1. By these appeals, judgment and order passed by 2nd Ad-hoc Additional Sessions Judge, Yavatrmal on 23.4.2003 convicting the appellants (original accused Nos. 1, 2, 4 and 5) for an offence punishable under Section 302 read with Section 34 of the Indian Penal Code and sentencing each of them to suffer imprisonment for life and to pay a fine in the sum of Rs. 1000/-, in default, to suffer simple imprisonment for three months, is under challenge. Since all the three appeals are arising out of one and the same sessions trial, they are being disposed of by this common judgment.

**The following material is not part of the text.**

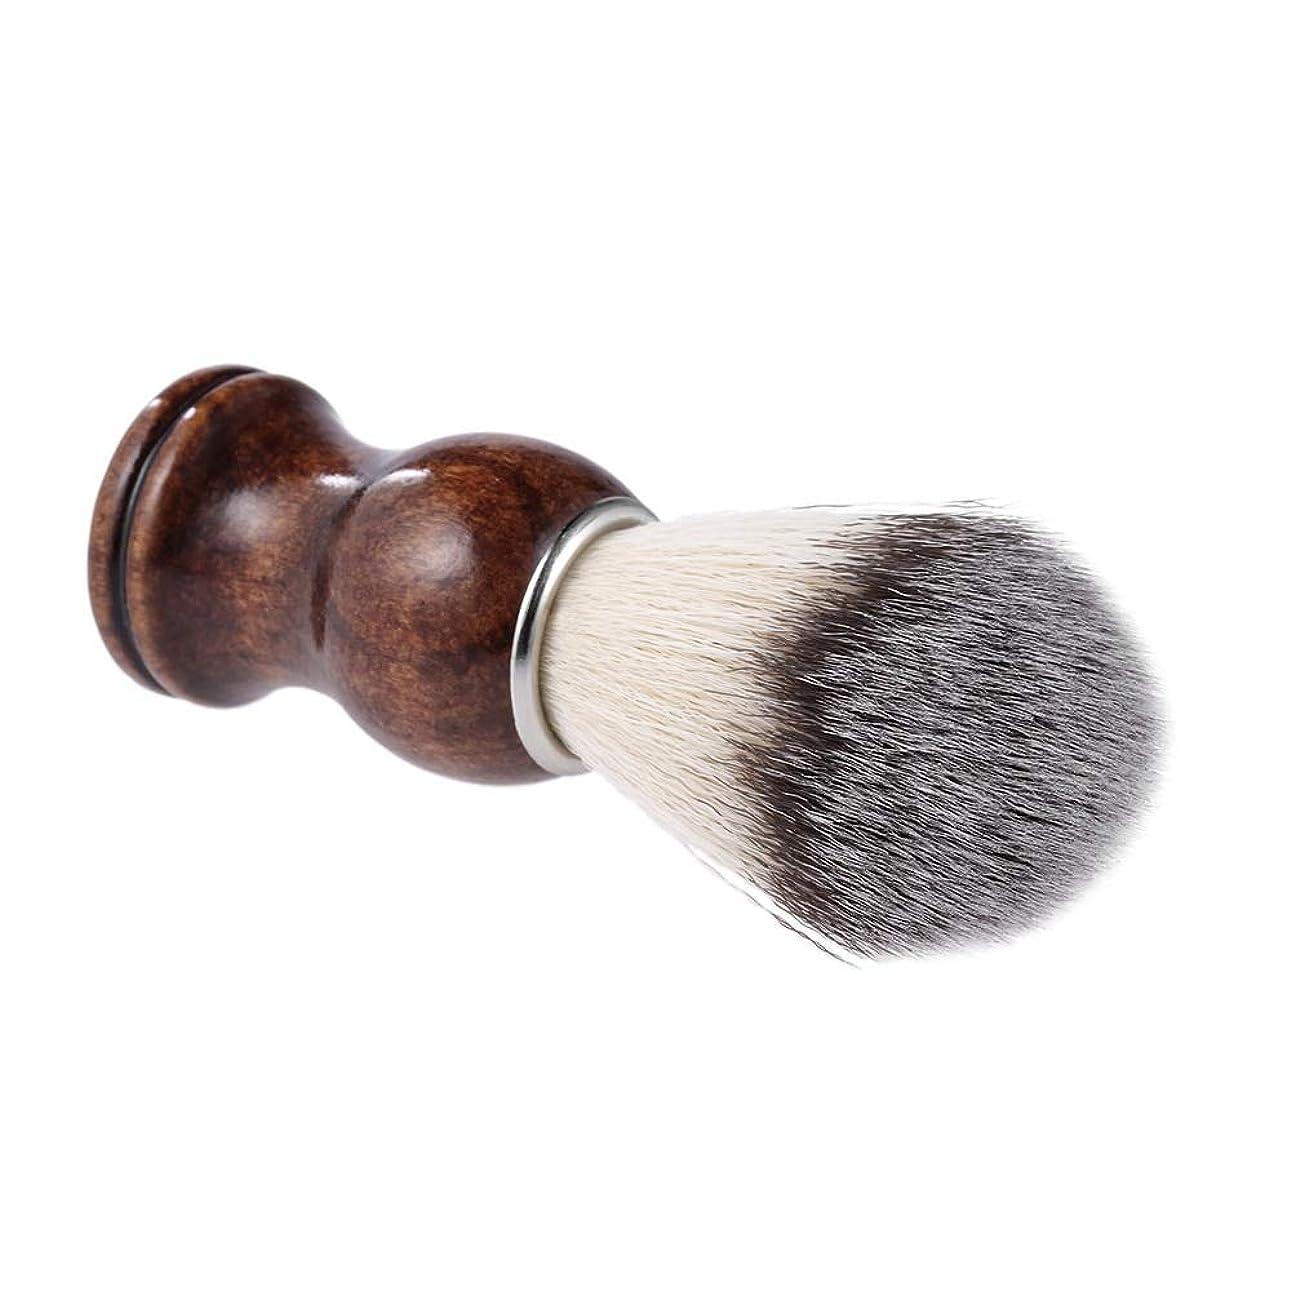 出くわす尊敬するスペルBeard Shaving Brush Shaving Cream Brush Wooden Handle Nylon Hair Shaving Razor Dusting Brush Facial Beard Cleaning Shave Tool

2. Briefly stated prosecution case is as under:
On 21.9.2000 first informant Ganesh Deshmukh (PW 4) had reported to Police Station, Yavatmal about the incident dated 19.9.2000 of quarrel between Manda (sister of first informant) with A-1 Sunil on account of dispute between children. According to Manda, she went to City Police Station, Yavatmal to report against sunil, but police had not taken cognizance of her report and then she informed her brother Ganesh. On 21.9.2000 at about 06.00 pm complainant was informed by his nephew Gopal at ST Stand that A-1 Sunil with his 5-7 friends, went to the house of Manda, quarreled with her and abused her. PW 4 Ganesh with his brother Dinesh went to Pimpalgaon by scooter. While on the way A-1 Sunil and his 7-8 associates stopped them. A-1 Sunil assaulted the complainant by fist blow. A-1 Sunil had also knife in his hand and his associates were armed with sticks in their hands. Dinesh was also beaten and felled. PW 4 Ganesh was assaulted on stomach by A-1 Sunil by means of knife. PW 4 Ganesh was also assaulted by blow on his chest and on right shoulder. Dinesh died on spot.

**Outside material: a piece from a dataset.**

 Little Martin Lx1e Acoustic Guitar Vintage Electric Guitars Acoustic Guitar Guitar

3. Crime was registered vide No. 484/2000 at City Police Station, Yavatmal under Sections 143, 147, 148, 302 read with Section 149 of the Indian Penal Code and Section 135 of the Bombay Police Act. Investigation followed. Inquest over dead body was held at Main Hospital, Yavatmal. Investigating Officer API Dambelkar (PW 13) visited spot and prepared spot panchanama. Weapon knife was recovered at the instance of A-1 Sunil. Razor was recovered at the instance of A-2 Santosh. Upon completion of investigation, charge- sheet was filed in the Court of Chief Judicial Magistrate, Yavatmal who committed the case being Sessions Trial No. 41 of 2001 to the Court of Sessions at Yavatmal. Charge was framed on 5.8.2002 (exhibit 97). The appellants had denied it and claimed trial.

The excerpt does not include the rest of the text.